== Supplied data
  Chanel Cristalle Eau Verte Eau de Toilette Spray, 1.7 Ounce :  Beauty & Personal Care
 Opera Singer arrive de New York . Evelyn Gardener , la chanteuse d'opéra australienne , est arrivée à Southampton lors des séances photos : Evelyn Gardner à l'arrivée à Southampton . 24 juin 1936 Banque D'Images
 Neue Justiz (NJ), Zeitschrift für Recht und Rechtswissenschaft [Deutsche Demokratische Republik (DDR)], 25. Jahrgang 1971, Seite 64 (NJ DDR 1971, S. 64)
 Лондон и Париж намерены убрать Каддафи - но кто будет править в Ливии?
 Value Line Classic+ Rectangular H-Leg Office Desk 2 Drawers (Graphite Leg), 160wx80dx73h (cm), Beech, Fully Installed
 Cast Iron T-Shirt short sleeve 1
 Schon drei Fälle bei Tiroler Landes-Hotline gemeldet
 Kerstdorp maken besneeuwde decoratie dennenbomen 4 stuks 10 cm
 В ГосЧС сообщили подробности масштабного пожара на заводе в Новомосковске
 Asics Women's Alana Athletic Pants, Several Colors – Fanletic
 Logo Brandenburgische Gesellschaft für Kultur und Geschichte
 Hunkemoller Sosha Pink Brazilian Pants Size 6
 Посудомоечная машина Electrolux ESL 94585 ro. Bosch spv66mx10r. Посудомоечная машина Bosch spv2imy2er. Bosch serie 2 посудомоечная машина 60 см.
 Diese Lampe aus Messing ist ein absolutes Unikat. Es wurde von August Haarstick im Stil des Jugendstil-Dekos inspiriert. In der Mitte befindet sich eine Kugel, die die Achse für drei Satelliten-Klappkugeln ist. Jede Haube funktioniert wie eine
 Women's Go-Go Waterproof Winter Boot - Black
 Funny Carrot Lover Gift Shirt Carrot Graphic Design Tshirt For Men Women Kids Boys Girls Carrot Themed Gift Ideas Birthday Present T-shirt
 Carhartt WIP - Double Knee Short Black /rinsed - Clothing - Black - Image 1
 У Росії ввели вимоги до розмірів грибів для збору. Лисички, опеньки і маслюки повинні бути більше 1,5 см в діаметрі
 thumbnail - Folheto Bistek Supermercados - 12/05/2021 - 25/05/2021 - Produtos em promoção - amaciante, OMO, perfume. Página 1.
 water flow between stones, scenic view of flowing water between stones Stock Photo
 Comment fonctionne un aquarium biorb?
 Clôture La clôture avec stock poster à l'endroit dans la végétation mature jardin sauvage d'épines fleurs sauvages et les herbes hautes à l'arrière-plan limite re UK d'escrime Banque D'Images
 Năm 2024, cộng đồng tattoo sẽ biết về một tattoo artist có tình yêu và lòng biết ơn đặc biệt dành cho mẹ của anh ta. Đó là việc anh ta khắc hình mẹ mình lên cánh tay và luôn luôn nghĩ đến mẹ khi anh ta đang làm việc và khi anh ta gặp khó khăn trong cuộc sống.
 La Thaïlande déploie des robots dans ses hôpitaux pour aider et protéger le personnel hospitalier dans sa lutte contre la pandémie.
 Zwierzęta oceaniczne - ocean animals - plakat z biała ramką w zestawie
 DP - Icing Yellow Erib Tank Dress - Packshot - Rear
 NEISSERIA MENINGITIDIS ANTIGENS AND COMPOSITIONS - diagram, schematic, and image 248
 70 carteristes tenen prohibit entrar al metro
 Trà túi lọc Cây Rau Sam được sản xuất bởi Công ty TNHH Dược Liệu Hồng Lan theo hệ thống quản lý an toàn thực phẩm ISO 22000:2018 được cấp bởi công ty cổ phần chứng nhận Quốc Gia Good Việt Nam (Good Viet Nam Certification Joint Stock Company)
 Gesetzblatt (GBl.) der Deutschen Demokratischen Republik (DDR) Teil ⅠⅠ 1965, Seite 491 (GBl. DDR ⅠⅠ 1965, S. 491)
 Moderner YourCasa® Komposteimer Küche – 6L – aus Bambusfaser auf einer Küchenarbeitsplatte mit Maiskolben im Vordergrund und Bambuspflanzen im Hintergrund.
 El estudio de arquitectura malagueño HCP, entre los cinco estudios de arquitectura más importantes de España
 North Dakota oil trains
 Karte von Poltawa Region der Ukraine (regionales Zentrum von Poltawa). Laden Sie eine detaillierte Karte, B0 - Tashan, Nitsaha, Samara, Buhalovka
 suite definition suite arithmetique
====
Work request -
Each line of the material above must be reproduced exactly.

Answer section -
  Chanel Cristalle Eau Verte Eau de Toilette Spray, 1.7 Ounce :  Beauty & Personal Care
 Opera Singer arrive de New York . Evelyn Gardener , la chanteuse d'opéra australienne , est arrivée à Southampton lors des séances photos : Evelyn Gardner à l'arrivée à Southampton . 24 juin 1936 Banque D'Images
 Neue Justiz (NJ), Zeitschrift für Recht und Rechtswissenschaft [Deutsche Demokratische Republik (DDR)], 25. Jahrgang 1971, Seite 64 (NJ DDR 1971, S. 64)
 Лондон и Париж намерены убрать Каддафи - но кто будет править в Ливии?
 Value Line Classic+ Rectangular H-Leg Office Desk 2 Drawers (Graphite Leg), 160wx80dx73h (cm), Beech, Fully Installed
 Cast Iron T-Shirt short sleeve 1
 Schon drei Fälle bei Tiroler Landes-Hotline gemeldet
 Kerstdorp maken besneeuwde decoratie dennenbomen 4 stuks 10 cm
 В ГосЧС сообщили подробности масштабного пожара на заводе в Новомосковске
 Asics Women's Alana Athletic Pants, Several Colors – Fanletic
 Logo Brandenburgische Gesellschaft für Kultur und Geschichte
 Hunkemoller Sosha Pink Brazilian Pants Size 6
 Посудомоечная машина Electrolux ESL 94585 ro. Bosch spv66mx10r. Посудомоечная машина Bosch spv2imy2er. Bosch serie 2 посудомоечная машина 60 см.
 Diese Lampe aus Messing ist ein absolutes Unikat. Es wurde von August Haarstick im Stil des Jugendstil-Dekos inspiriert. In der Mitte befindet sich eine Kugel, die die Achse für drei Satelliten-Klappkugeln ist. Jede Haube funktioniert wie eine
 Women's Go-Go Waterproof Winter Boot - Black
 Funny Carrot Lover Gift Shirt Carrot Graphic Design Tshirt For Men Women Kids Boys Girls Carrot Themed Gift Ideas Birthday Present T-shirt
 Carhartt WIP - Double Knee Short Black /rinsed - Clothing - Black - Image 1
 У Росії ввели вимоги до розмірів грибів для збору. Лисички, опеньки і маслюки повинні бути більше 1,5 см в діаметрі
 thumbnail - Folheto Bistek Supermercados - 12/05/2021 - 25/05/2021 - Produtos em promoção - amaciante, OMO, perfume. Página 1.
 water flow between stones, scenic view of flowing water between stones Stock Photo
 Comment fonctionne un aquarium biorb?
 Clôture La clôture avec stock poster à l'endroit dans la végétation mature jardin sauvage d'épines fleurs sauvages et les herbes hautes à l'arrière-plan limite re UK d'escrime Banque D'Images
 Năm 2024, cộng đồng tattoo sẽ biết về một tattoo artist có tình yêu và lòng biết ơn đặc biệt dành cho mẹ của anh ta. Đó là việc anh ta khắc hình mẹ mình lên cánh tay và luôn luôn nghĩ đến mẹ khi anh ta đang làm việc và khi anh ta gặp khó khăn trong cuộc sống.
 La Thaïlande déploie des robots dans ses hôpitaux pour aider et protéger le personnel hospitalier dans sa lutte contre la pandémie.
 Zwierzęta oceaniczne - ocean animals - plakat z biała ramką w zestawie
 DP - Icing Yellow Erib Tank Dress - Packshot - Rear
 NEISSERIA MENINGITIDIS ANTIGENS AND COMPOSITIONS - diagram, schematic, and image 248
 70 carteristes tenen prohibit entrar al metro
 Trà túi lọc Cây Rau Sam được sản xuất bởi Công ty TNHH Dược Liệu Hồng Lan theo hệ thống quản lý an toàn thực phẩm ISO 22000:2018 được cấp bởi công ty cổ phần chứng nhận Quốc Gia Good Việt Nam (Good Viet Nam Certification Joint Stock Company)
 Gesetzblatt (GBl.) der Deutschen Demokratischen Republik (DDR) Teil ⅠⅠ 1965, Seite 491 (GBl. DDR ⅠⅠ 1965, S. 491)
 Moderner YourCasa® Komposteimer Küche – 6L – aus Bambusfaser auf einer Küchenarbeitsplatte mit Maiskolben im Vordergrund und Bambuspflanzen im Hintergrund.
 El estudio de arquitectura malagueño HCP, entre los cinco estudios de arquitectura más importantes de España
 North Dakota oil trains
 Karte von Poltawa Region der Ukraine (regionales Zentrum von Poltawa). Laden Sie eine detaillierte Karte, B0 - Tashan, Nitsaha, Samara, Buhalovka
 suite definition suite arithmetique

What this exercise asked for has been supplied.